> _Task item_
Restate the data below word for word, omitting pictures.

(Dataset content)

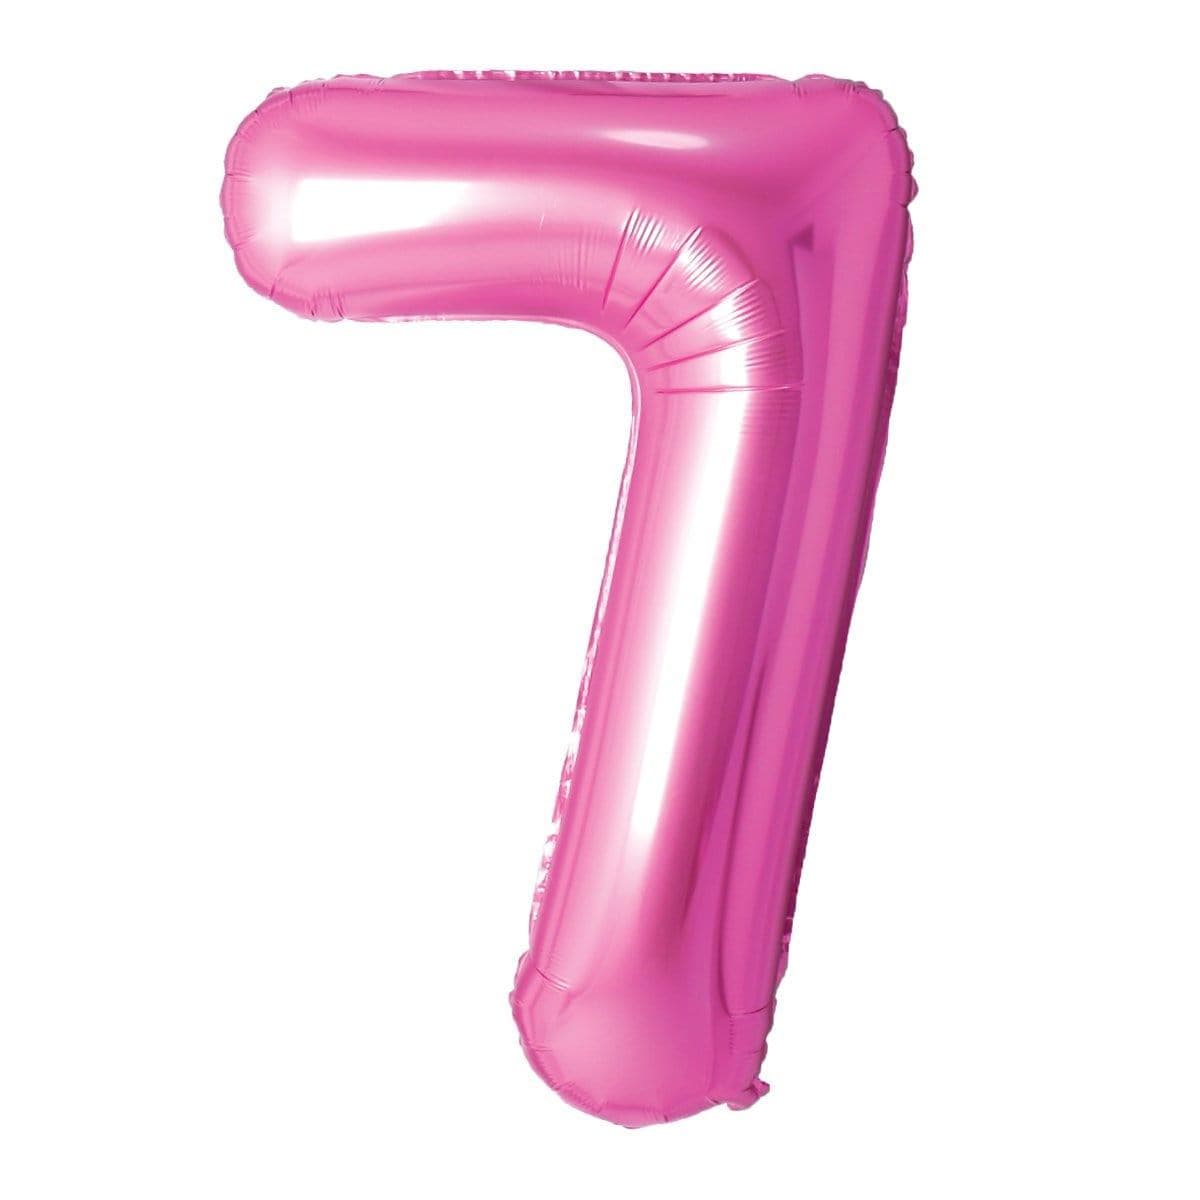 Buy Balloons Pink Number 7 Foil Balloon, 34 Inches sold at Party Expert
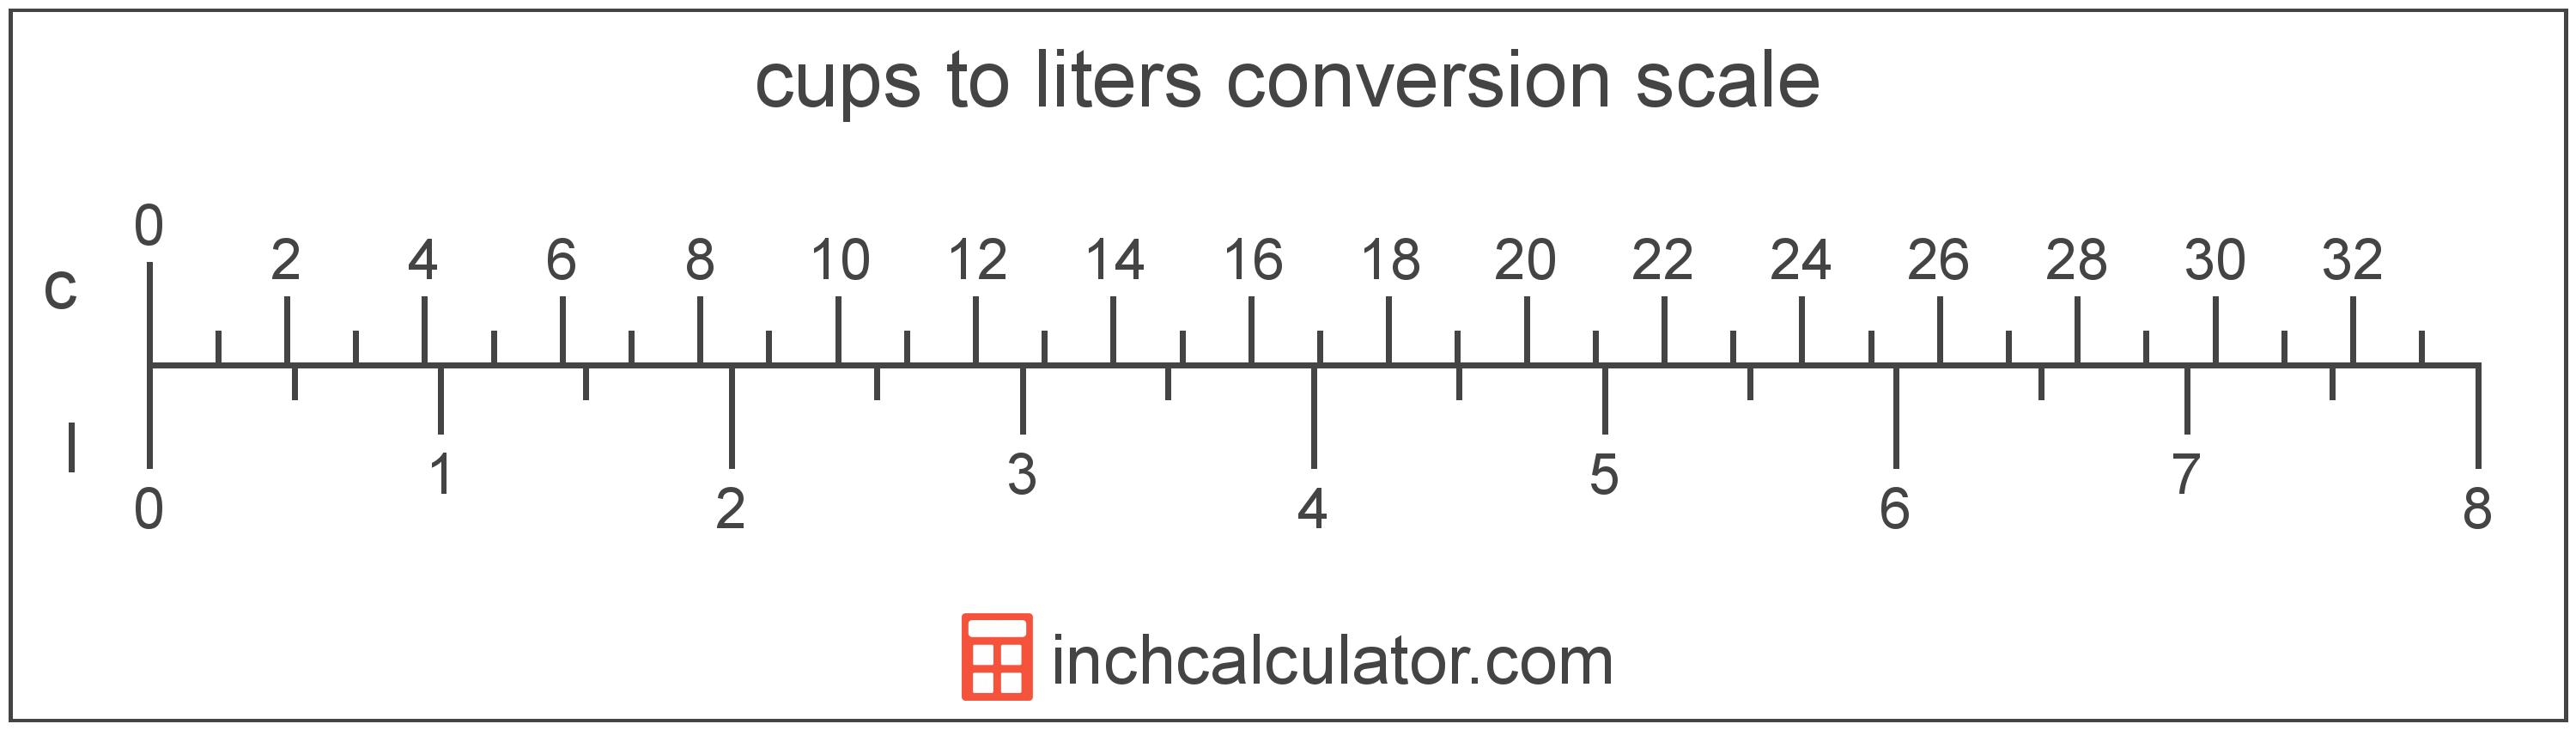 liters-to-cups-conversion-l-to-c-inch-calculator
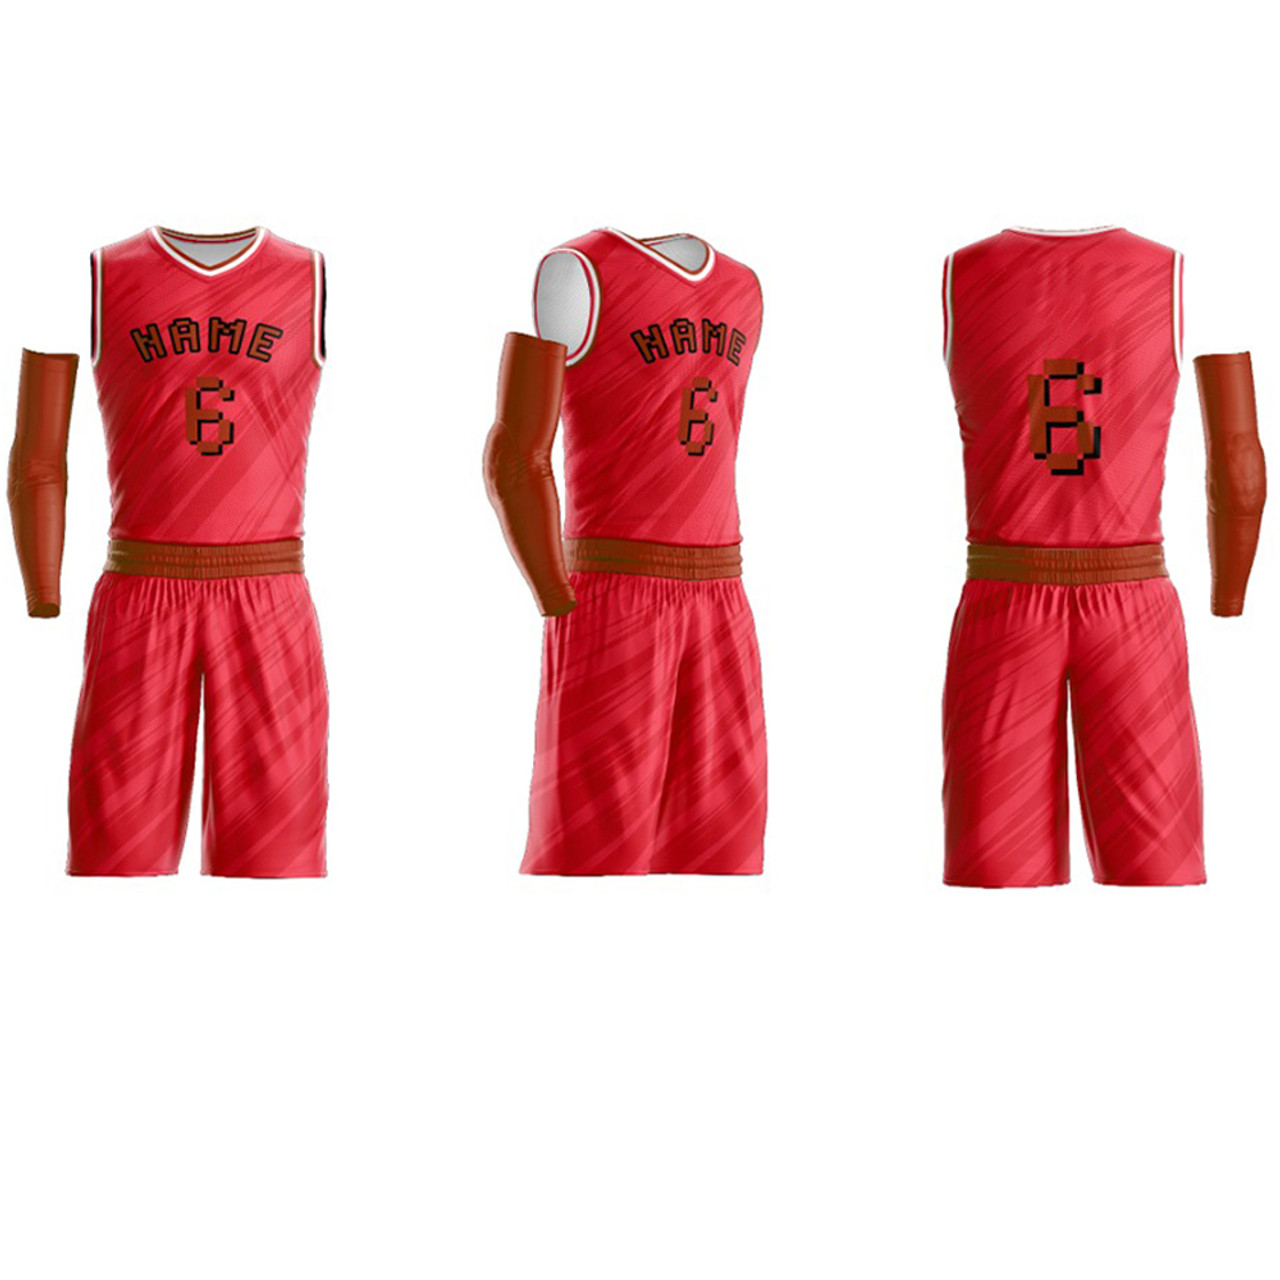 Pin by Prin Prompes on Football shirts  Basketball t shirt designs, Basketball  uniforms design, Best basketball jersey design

(End Dataset content)

> _Task solution_
 Buy Balloons Pink Number 7 Foil Balloon, 34 Inches sold at Party Expert
 liters-to-cups-conversion-l-to-c-inch-calculator
 Pin by Prin Prompes on Football shirts  Basketball t shirt designs, Basketball  uniforms design, Best basketball jersey design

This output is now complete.